Portfolio Manager's Commentary

The Portfolio Manager's Commentary will still be provided on a weekly basis. Due to compliance 
requirements we are unable to provide the Portfolio
Manager's Commentary in any other format than the
link below. We apologize for any inconvenience.

 
Please click on the link below to read. Enjoy!
Porfolio Manager's Commentary
Thought for the Week:

Why So Many ETFs?

SYNOPSIS

 

  • An Exchange Traded Fund (EFT) is an investment vehicle that gives broad exposure to a sector, geography, or theme, and they have surged in popularity in recent years.
  • ETF's are often confused with mutual funds but are very different in structure, taxation, and cost.
  • ETF's offer investors several benefits when compared to owning single stocks and/or bonds, and the use of EFT's in DIAS portfolios has risen dramatically this year. 

Q&A on ETFs

 

Many investors have noticed some big changes to the composition of the DIAS portfolios this year, as several stocks have been sold and replaced with Exchange Traded Funds (ETFs).

 

This change in strategy has prompted several questions regarding the use of ETFs and the timing of the move. In an attempt to address investors' concerns, here are answers to some of the more common ETF questions:

 

What is an exchange traded fund?


 
An ETF is a marketable security that tracks an index or a basket of stocks, bonds, and/or commodities. The fund owns the underlying assets and then divides ownership of those assets into shares. These shares of the ETF are then traded on stock exchanges.

 

For example, if an ETF were created to track social media stocks, the fund would buy Facebook, Twitter, and other stocks in the sector, and then issue shares to investors that gave them a claim on a portion of the value of the fund. Over time, the value of the ETF shares would rise/fall as the portfolio value changed due to the movement of the stocks within.

 

How does an ETF differ from a mutual fund?

 

An ETF may sound similar to a mutual fund, but they are actually quite different for several reasons. Unlike mutual funds, ETFs:

  • Trade throughout the day and experience price changes like regular stocks.
  • Offer favorable taxation since capital gains from sales inside the ETF are not passed through to shareholders.
  • Charge relatively small fees (typically below 0.005%) and are less actively managed.

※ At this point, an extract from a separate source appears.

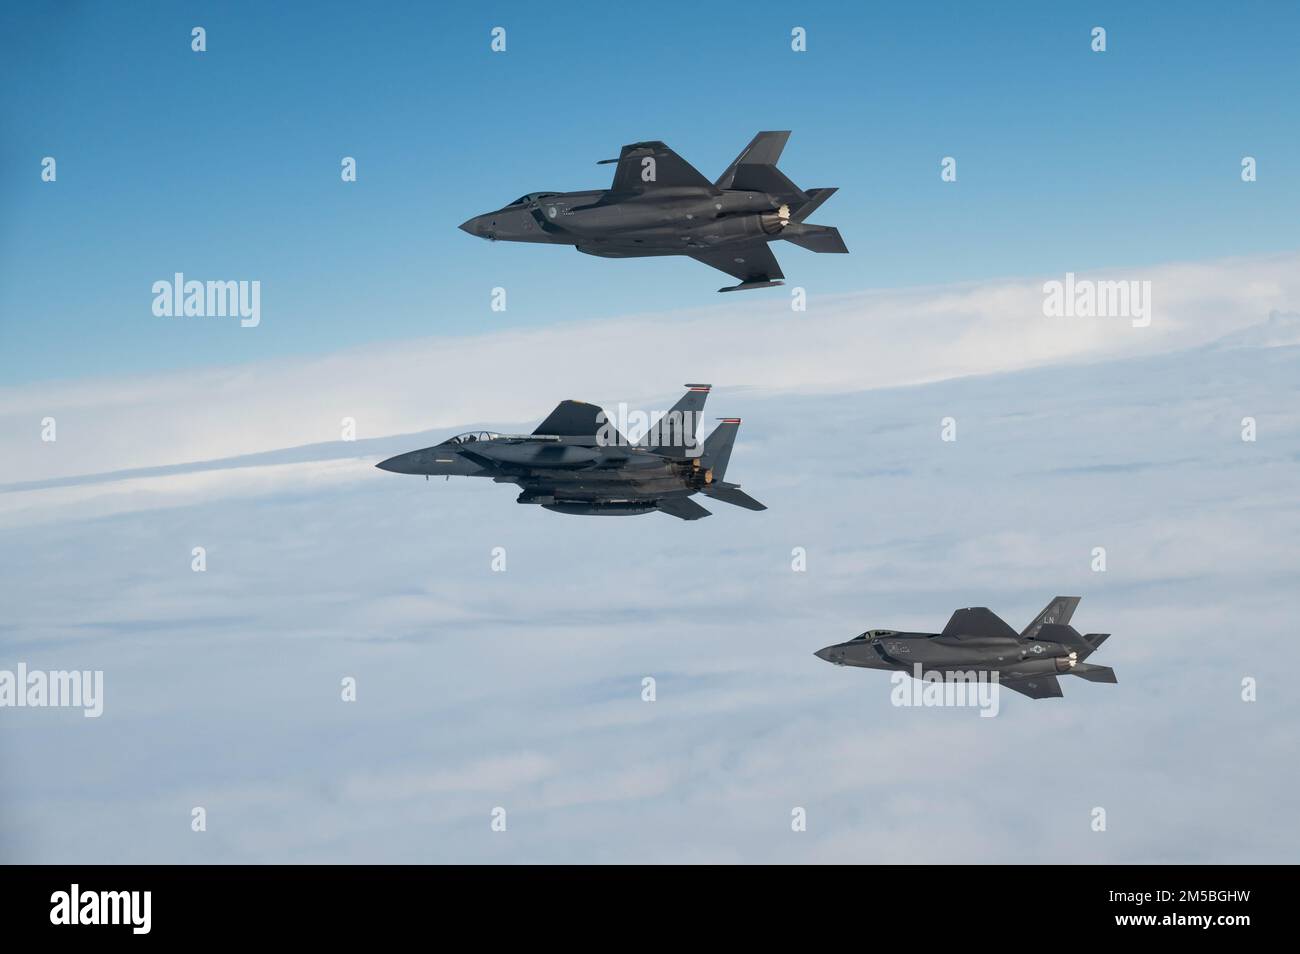 EIN US-AMERIKANISCHER Air Force F-15E Strike Eagle leitet eine drei-Schiff-Formation mit US- und niederländischen F-35A Lightning II-Flugzeugen während einer bilateralen Air-to-Air-Übung über den Niederlanden am 22. Februar 2022. Die Ausbildung sollte die Interoperabilität verbessern und es den Vereinten Kräften ermöglichen, kohärent und wirksam zusammenzuarbeiten, um militärische Ziele zu erreichen. Stockfoto

Are ETFs new to the Global Financial investment strategy or have they been used in the past?

 

ETFs have been used extensively in DIAS portfolios for many years. In fact, the fixed income portion of the asset allocation can only be implemented using ETFs due to changes in the bond market after the financial crisis.

 

Since banks are now so fiercely regulated, they no longer hold inventories of bonds available to purchase, which has subsequently shifted all liquidity to the ETF world. This transition benefitted investors for three key reasons:

  1. Diversification: An ETF can hold hundreds of bonds, so an investor can create a well-diversified bond allocation by owning just a handful of broad-based bond ETFs.
  2. Account Size: Building a well-diversified bond portfolio requires several million dollars in an account because an investor would need to own a large number of individual bonds. Using ETFs, an investor can create a bond allocation in almost any account size.
  3. Liquidity: Selling a bond can take days/weeks with high commission charges whereas an ETF can be sold immediately for a very low fee.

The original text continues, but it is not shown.